BlackBerry, the struggling mobile phone maker that has been fighting a losing battle against Apple and Samsung, has put itself up for sale.
The Canadian company announced yesterday it was considering going private and has set up a committee to examine the possibility. It will also look at other options to revive its fortunes, including potential joint ventures, alliances and strategic partnerships.
“Given the importance and strength of our technology, and the evolving industry and competitive landscape, we believe that now is the right time to explore strategic alternatives,” said Timothy Dattels, a BlackBerry board member who will chair the new committee.
The company has embarked on a raft of measures in recent years to try to reclaim past glories, including changing its name from Research In Motion. But it has struggled to regain ground lost to Apple’s iPhone as well as Samsung’s devices and other handsets using Google’s Android operating system.
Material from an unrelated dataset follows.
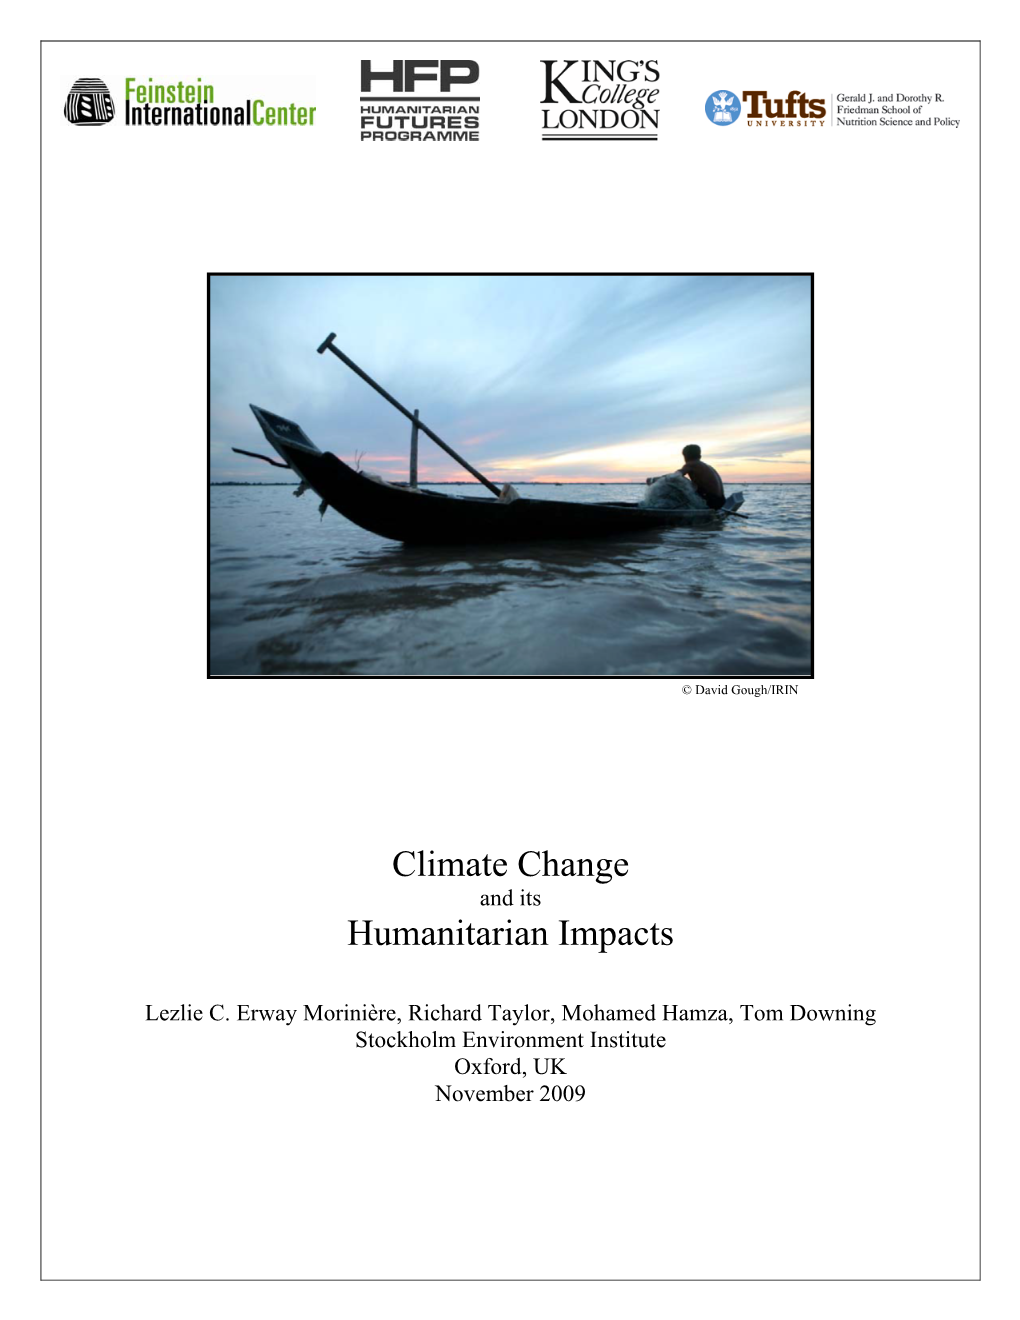 Climate Change and Its Humanitarian Impacts

Analysts poured cold water on the idea of a change in structure helping it take back its position. BMO Capital Markets’ Tim Long said he did not “envision any changes that would help BlackBerry reverse the significant smartphone share loss or rapid decline in service revenues”.
Earlier this year, BlackBerry launched a new flagship handset, the Z10, which – in a departure for the company – did not have a physical keyboard.
However, in June it dismayed shareholders by announcing a $84m (£54m) first-quarter net loss, and declined to reveal how many Z10 handsets had been sold. Instead it said it had shipped about 2.7 million handsets using the new operating system – worse than analysts had expected and a long way short of the 37.4 million iPhones shipped by Apple in the first three months of the year.
Before yesterday’s announcement was made, BlackBerry’s market value had plummeted to less than $5bn from $84bn in 2008. Its shares, which have dropped more than 45 per cent since January, were up 5 per cent at C$10.60 in afternoon trade.
BlackBerry last year hired JPMorgan and RBC Capital Markets to help it look at potential strategies, although its chief executive Thorsten Heins had said a sale was not the “main direction” being examined.
Speculation that a leveraged buyout or a move private could be on the cards was also sparked by the appointment to the board last year of Mr Dattels, a senior partner at private equity firm TPG Capital and a former investment banker at Goldman Sachs.
Poison berry? Warning to suitors
BlackBerry may be considering a sale, but it remains to be seen who would actually want to buy it.
Yang Yuanqing, the chief executive of the Chinese PC maker Lenovo, reportedly said earlier this year a deal “could possibly make sense.”
But given Canada’s strict stance over the implications of takeovers for national security and competition, there was speculation yesterday that the company’s largest shareholder, the Canadian insurer Fairfax Financial, could take part in any move. Its chairman and chief executive Prem Watsa announced he was stepping down from BlackBerry’s board “due to potential conflicts that may arise”, and added Fairfax had “no current intention of selling its shares”.
Meanwhile, ETX Capital’s Joe Rundle warned that struggling sales means buying BlackBerry “could be a fatal move for any rival”.